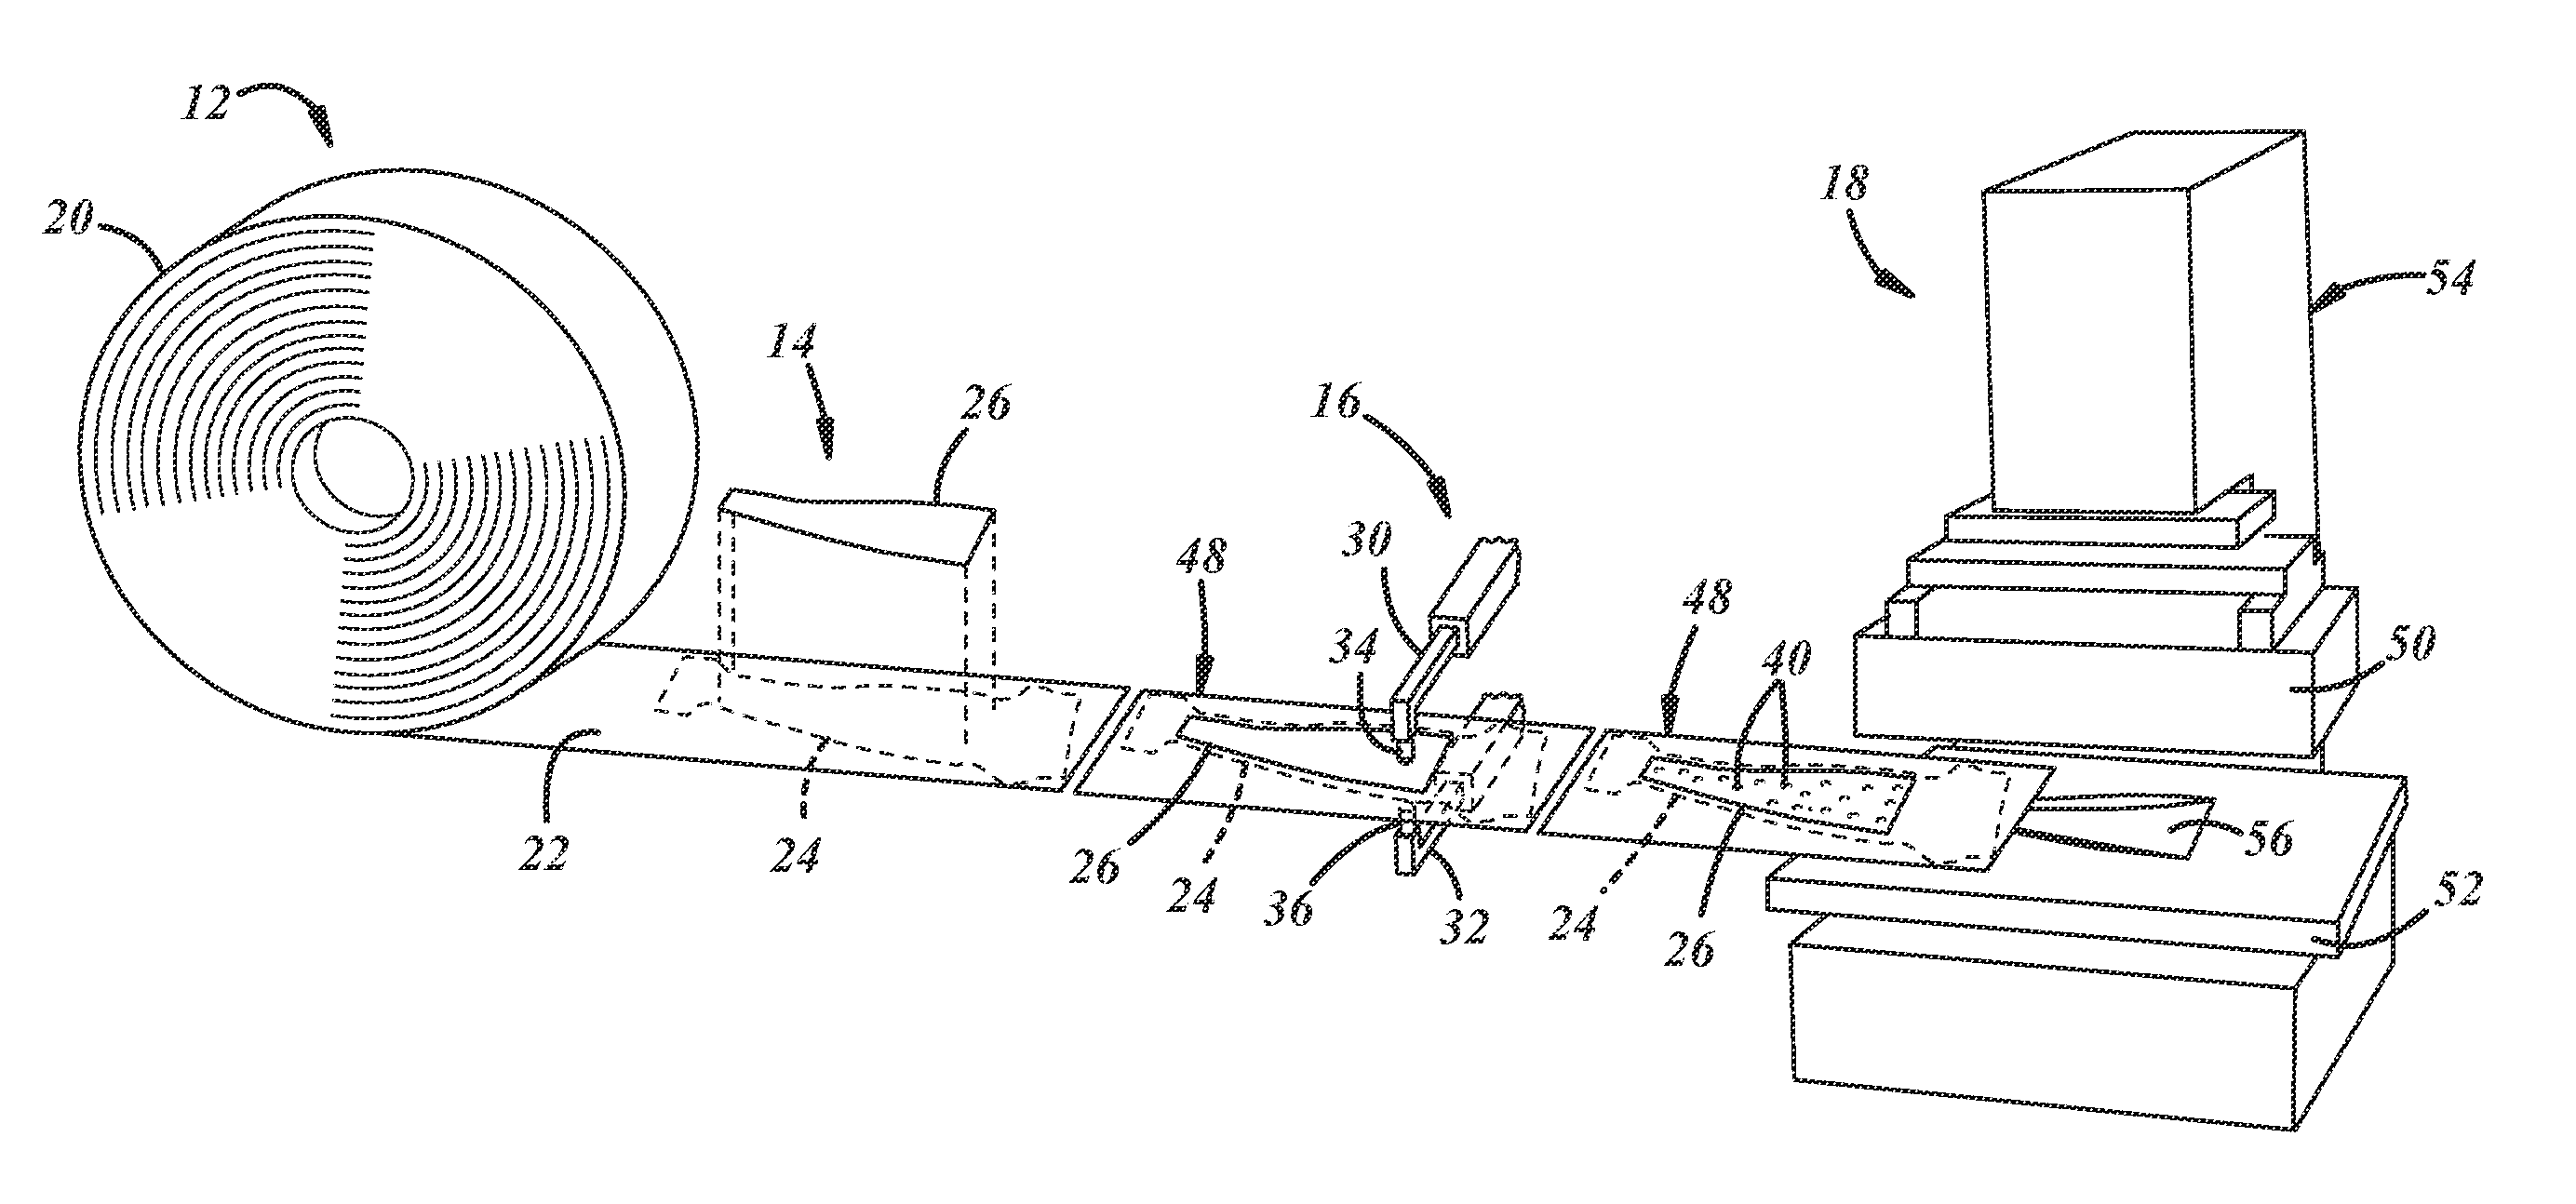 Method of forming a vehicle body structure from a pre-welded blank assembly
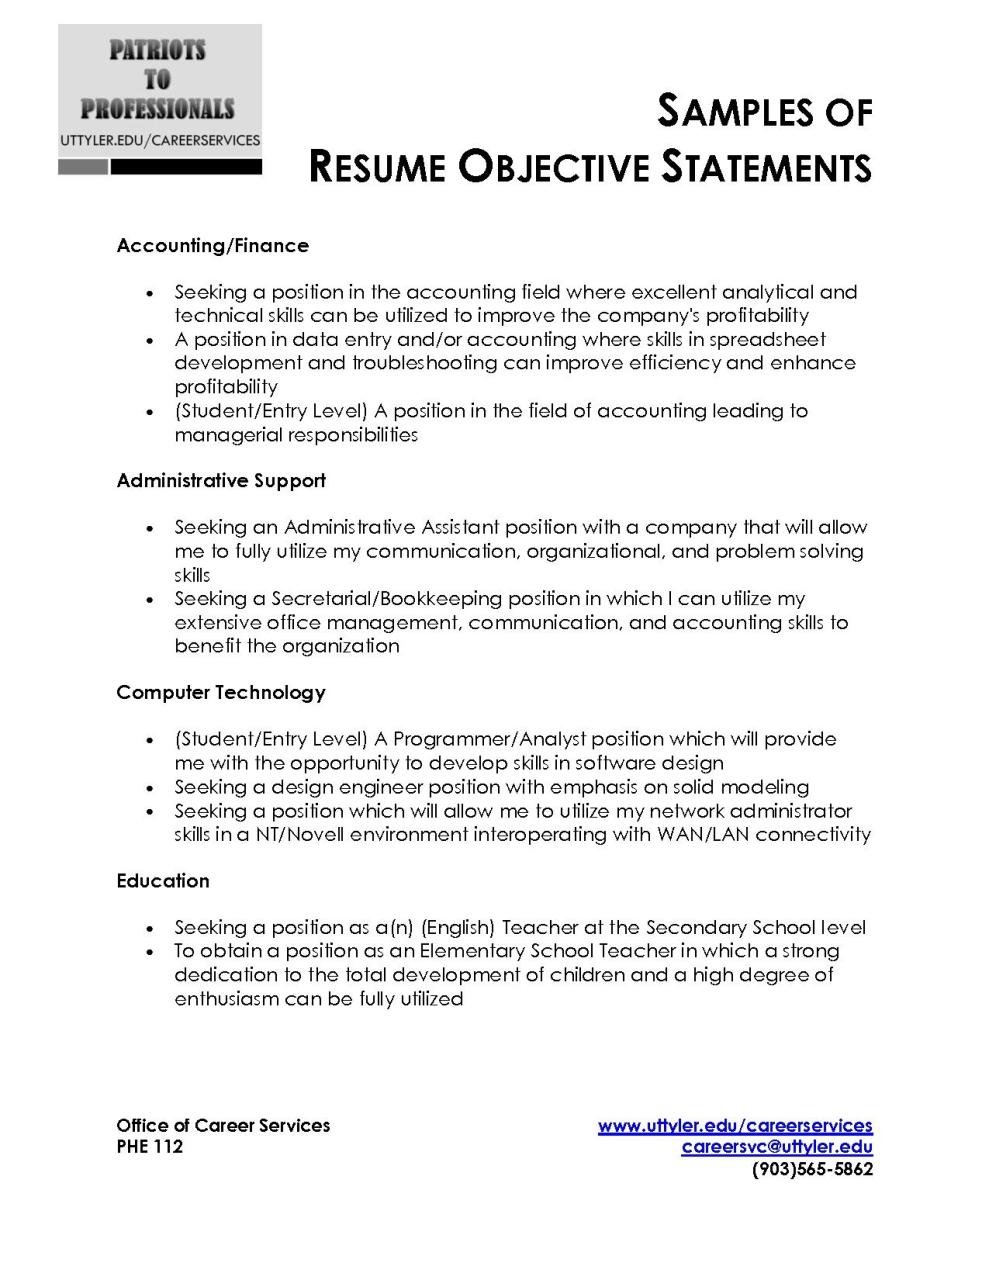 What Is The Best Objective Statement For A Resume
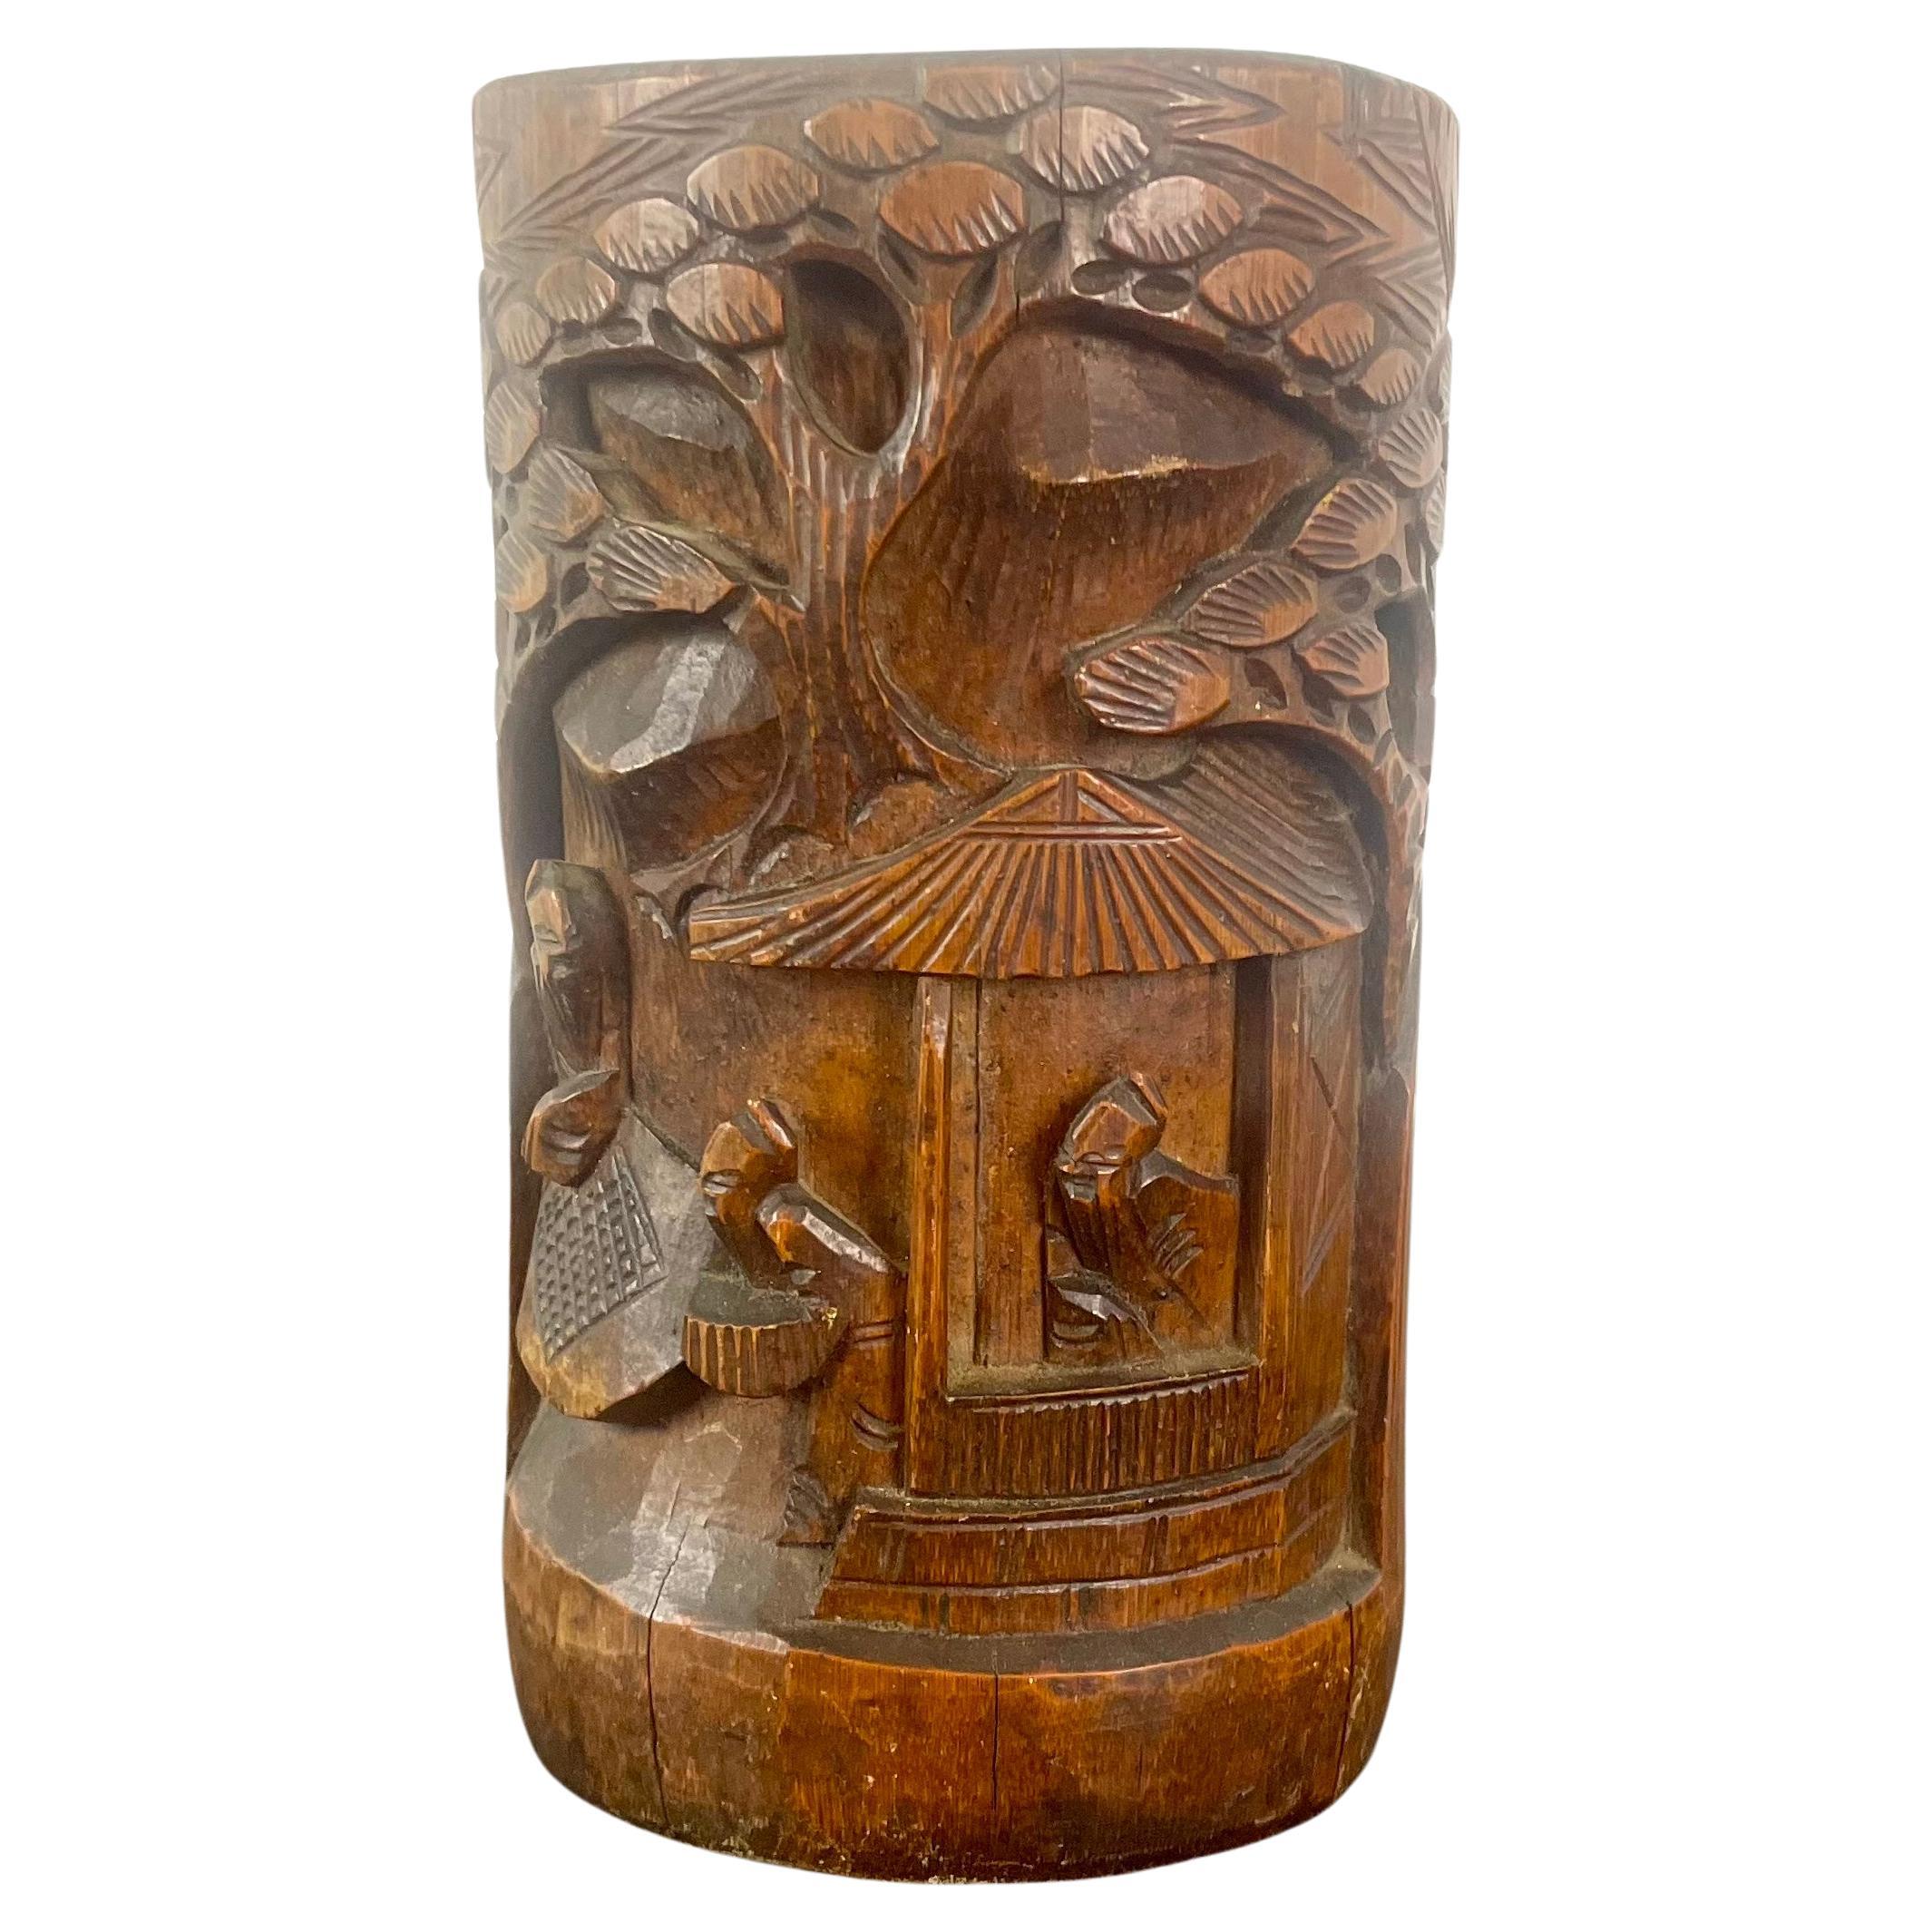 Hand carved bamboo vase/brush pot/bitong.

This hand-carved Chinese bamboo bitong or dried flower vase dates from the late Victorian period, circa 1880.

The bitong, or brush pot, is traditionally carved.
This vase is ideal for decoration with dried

★ ★ ★

Your instructions. An exact transcription of the listing is required, and it must contain no pictures.

Answer section.
 Method of forming a vehicle body structure from a pre-welded blank assembly
 What Is The Best Objective Statement For A Resume
 Hand carved bamboo vase/brush pot/bitong.

This hand-carved Chinese bamboo bitong or dried flower vase dates from the late Victorian period, circa 1880.

The bitong, or brush pot, is traditionally carved.
This vase is ideal for decoration with dried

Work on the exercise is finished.